Hardest thing I have ever done


During the last sixteen years, if you had asked me “what is the hardest thing you have ever gone through,” I would have said, “Mom’s hospice.”

That changed this year. Now I would say, “Gary’s rash.” And I know that sounds ridiculous, but here’s the difference: Mom didn’t lie to herself. She believed her doctors. And ultimately Mom acted in her own interest.

Gary, on the other hand, trusted his doctor at first, but now has locked himself into a bunker of self-delusion and thinks the doctor is against him. (I can’t tell you how often I have asked him, “The doctor said those actual words?” only to hear that no, the doctor said “some nonsense meant to scare me.”) He’s so determined to be right that he is not looking out for himself.

Why? I mean, the easy answer is that he’s a cranky seventy-year-old man, and he doesn’t like someone else knowing more than he does. But in my heart I worry he’s like Mom and he wants the universe to know that he will leave when he feels like it.


7 responses to “Hardest thing I have ever done”

  1. … people who are determined to be right drive me absolutely up. a. wall. under normal circumstances, and more so if I care about them and they are screwing up their own health (or if they are screwing up the health of someone I care about, see also my dad being sloppy about disease transfer protocols while my mom has only parts of her lungs functioning).
    So, yeah, I can see that.
    That said, I think what you have said about Gary’s reaction, i.e. the refusal to have Another Thing that requires medication be wrong with his body and the refusal to consider that he might be reacting *to* one of his long-term medications, does not suggest to me that he’s willing to sign off yet. He may be too tired to cope well, but that’s a long stretch different from being so tired you’re willing to die over it.
    (so cantankerous you’re willing to insist you are Being Right and staying sick instead of accepting doctors’ orders and doing the things and therefore getting better: … that’s a separate question. But. Doesn’t sound anywhere near that.)(ALSO honestly I have known so many doctors who were really quite wrong at this point; some of that is gaps in their training or new medical advances that occurred since their training; some of that is the nature of Being A Female Patient and therefore some doctors sometimes not taking me seriously or believing me about symptoms; but also some doctors are just kinda… not great… unless you hit them with the *exact* stuff they know a lot about. I do not think there is enough information to conclude Gary’s doctor is a dud, but it is a remote possibility at least.)

  2. KC – I think what’s happening is that the dermatologist is ruling out anything fatal. It is an allergy, and he isn’t saying, Go to an Allergist, Gary does not appreciate that. I suppose he can’t die from something that he’s had for a year. There is something he could have died from that is a very fitting diagnosis, but he would have been long gone.

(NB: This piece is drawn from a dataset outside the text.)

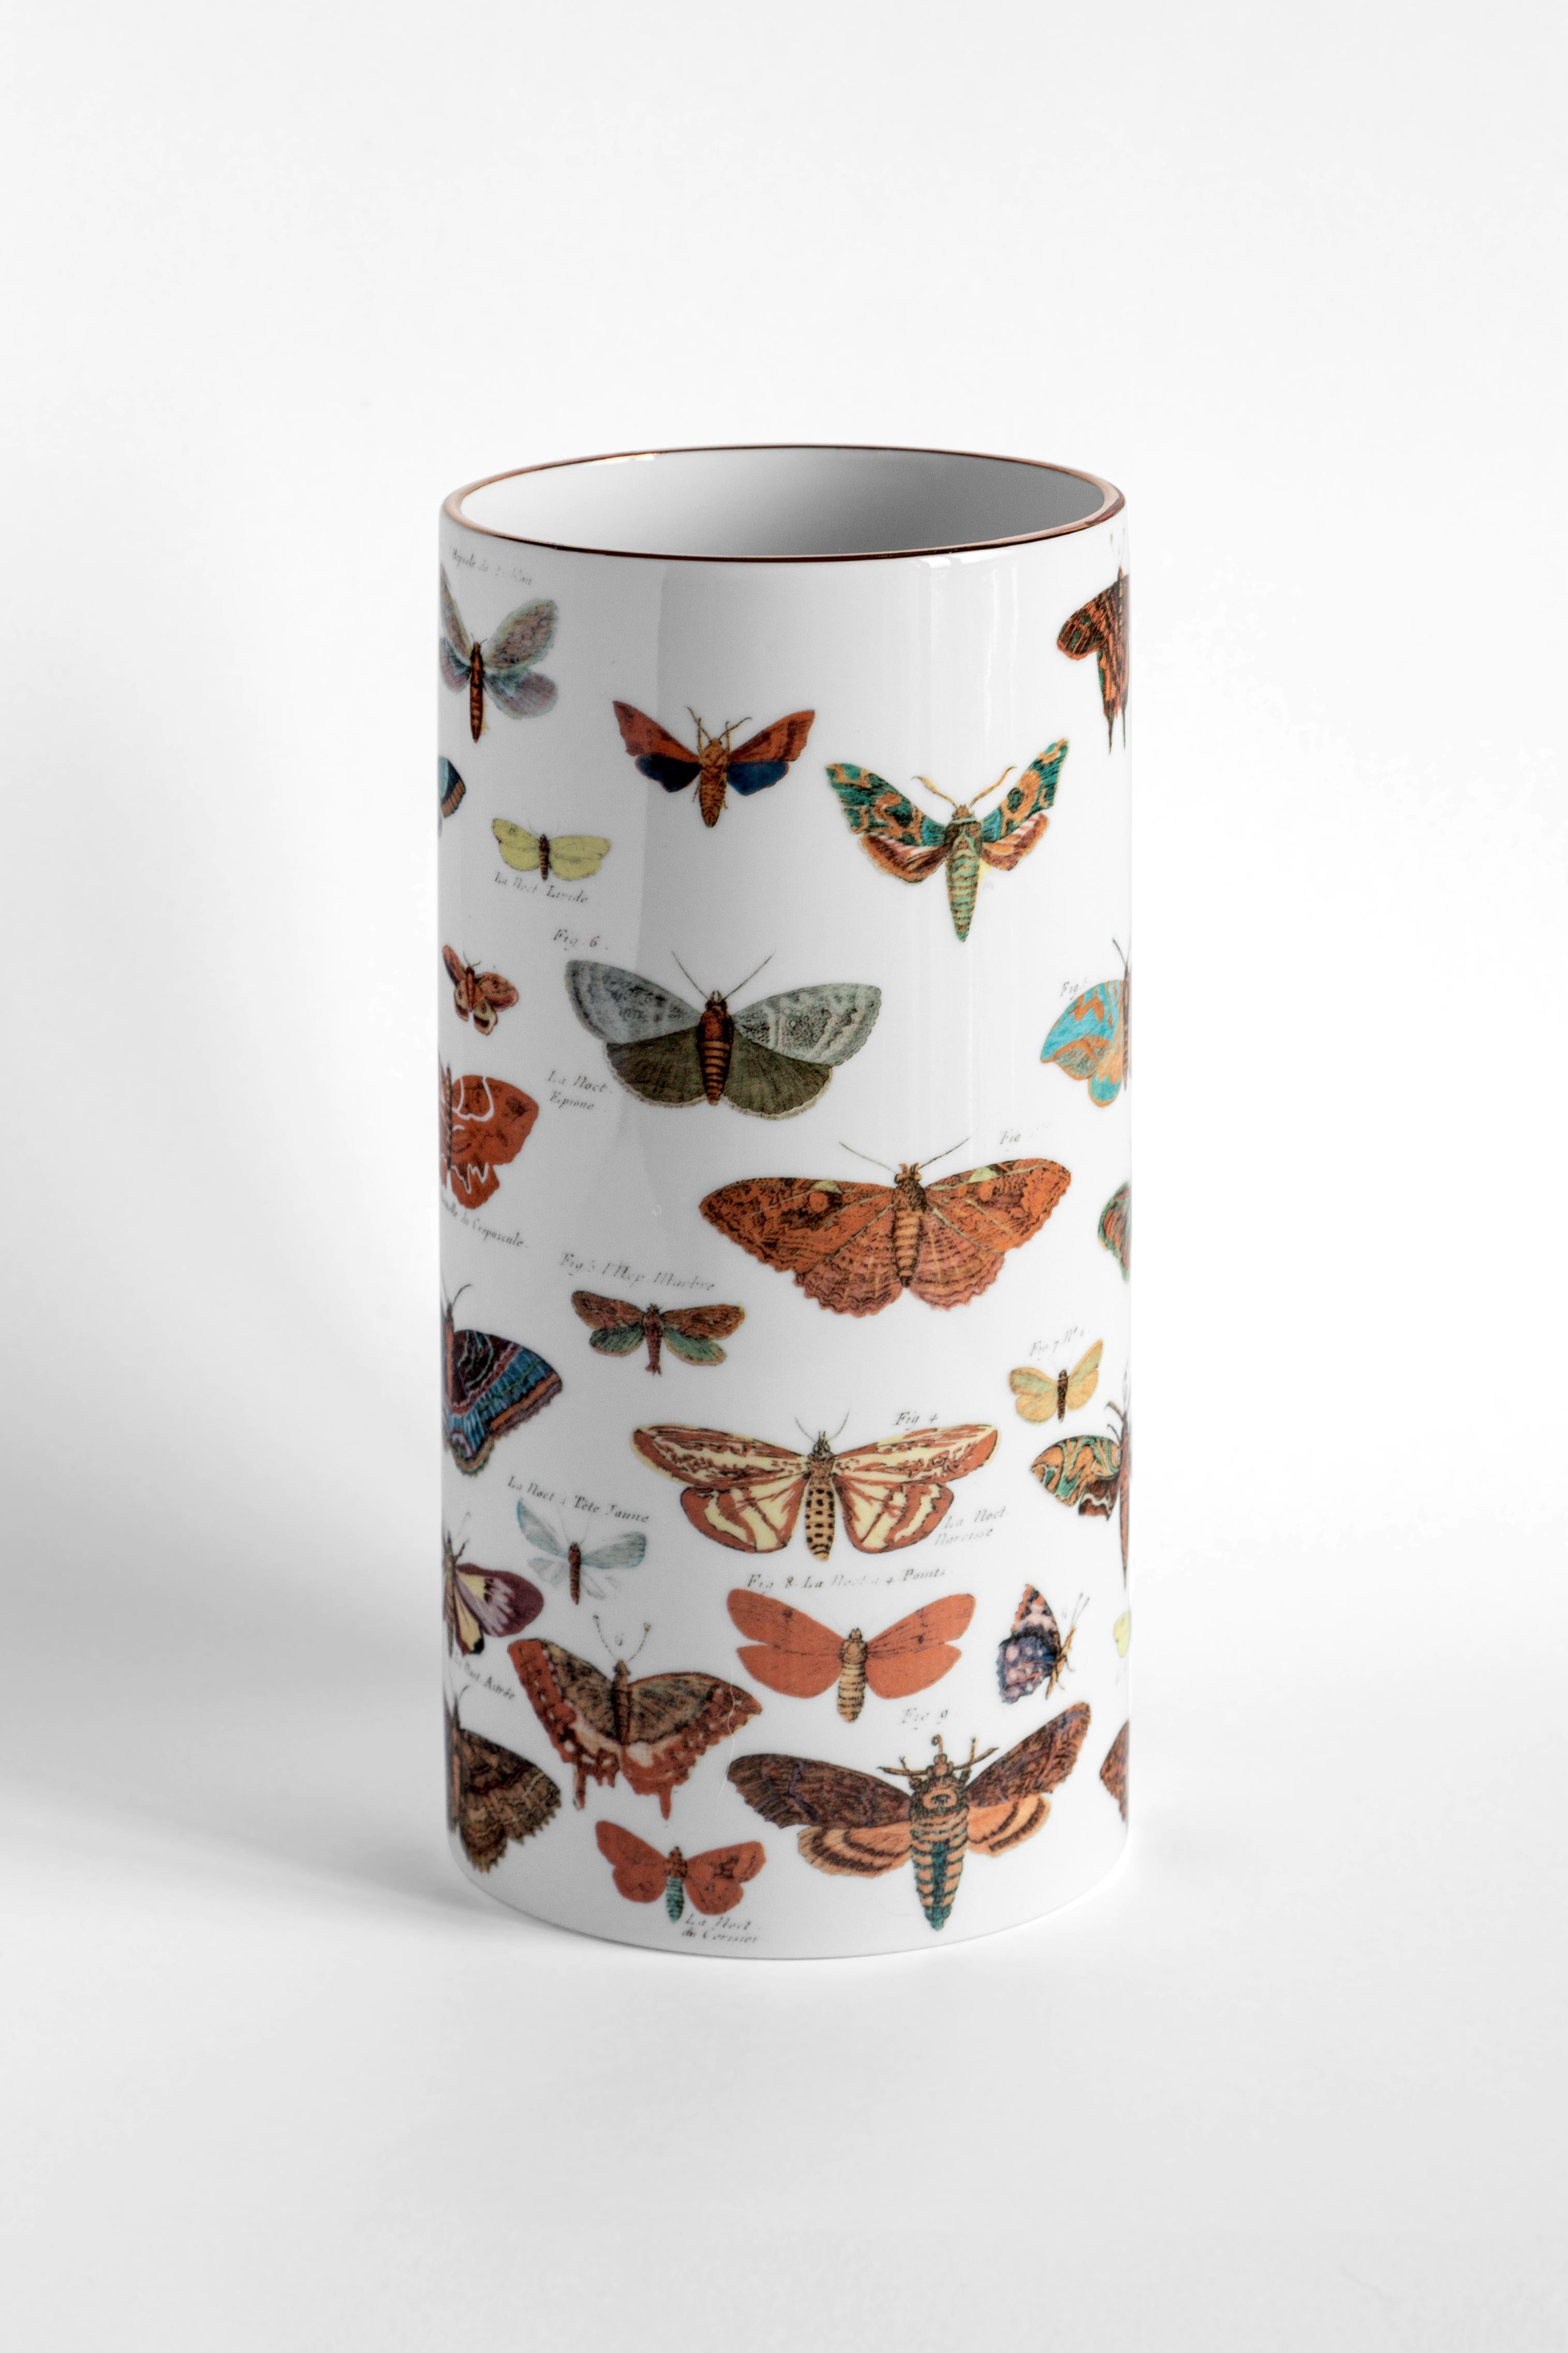 Exposez ce vase en porcelaine avec un papillon ou ajoutez des fleurs pour donner de la vie à cet élément de décoration. Le design rappelle les illustrations d'un livre de lépidoptérologie ancien et fait de ce vase l'objet de décoration idéal pour
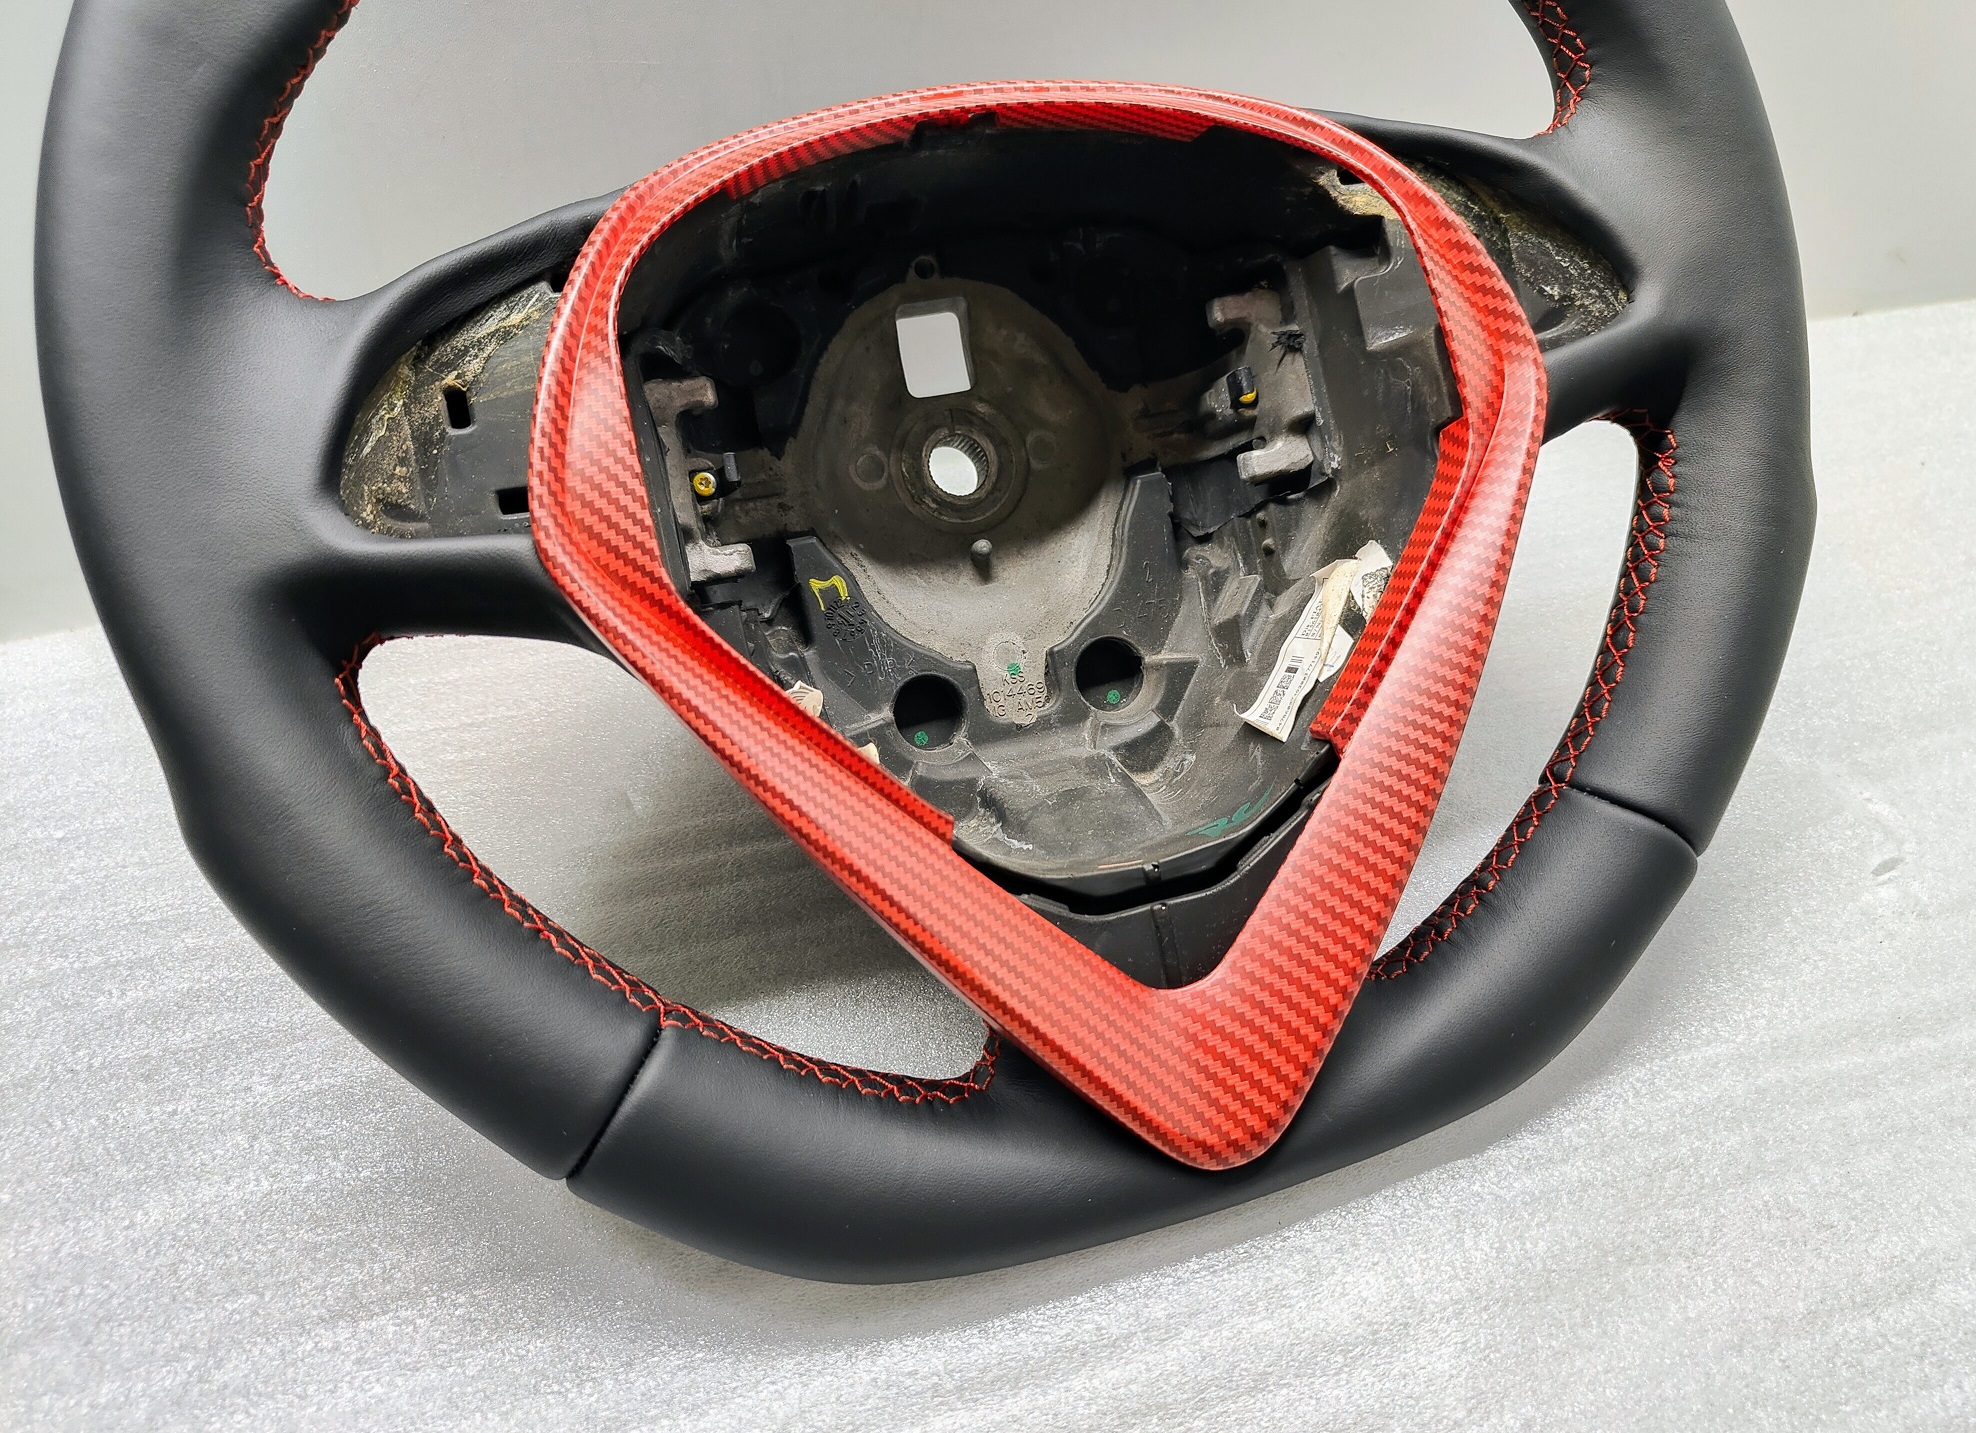 Alfa Giulietta flat steering wheel Custom Sport Red Stitch

  3. Ruling out anything fatal is *good* but also we would like some symptomatic relief thank you very much…
    I am not sure how helpful an allergist is for the Really Weird allergies in skin-manifested form, tbh. They can do the default prick tests, but there are *so many* things to possibly be allergic to out there…

  4. KC – He’s just so impatient. I think watched me get the shortest diagnosis in the history of MS, and of course his epilepsy didn’t call for a lot of tests. This is just a hard one. Luckily he does have a very convincing rash, otherwise he’d be said to be faking it for attention.

  5. Fair. It is honestly really hard, when you’re used to the medical system working decently well and rapidly (and the people around you likewise have that approximate expectation), to find out that… oh. It works like that with one set of things and… not so much… with many other things. The distance between expectations and reality is a layer of frustration and emotional turbulence that frosts the top of “we would like this to get fixed NOW THANKS” that already exists.
    (but also yes, MS is usually not a speedy diagnosis! How did you manage that?)

  6. KC – I lucked out and the first specialist I saw, the gastroenterologist, was also a general physician. His second question was “do you have MS?” Then he said other telling things like “you need better insurance” and “You need to get a general physician” and “you need an MRI of your brain.” It made it easy for my new GP when I had my second exacerbation a year later.

  7. Oh WOW. That is impressive, and also very neat, and also… sigh. Insurance.
    (also I am SO GLAD that treatment has worked so well for you!)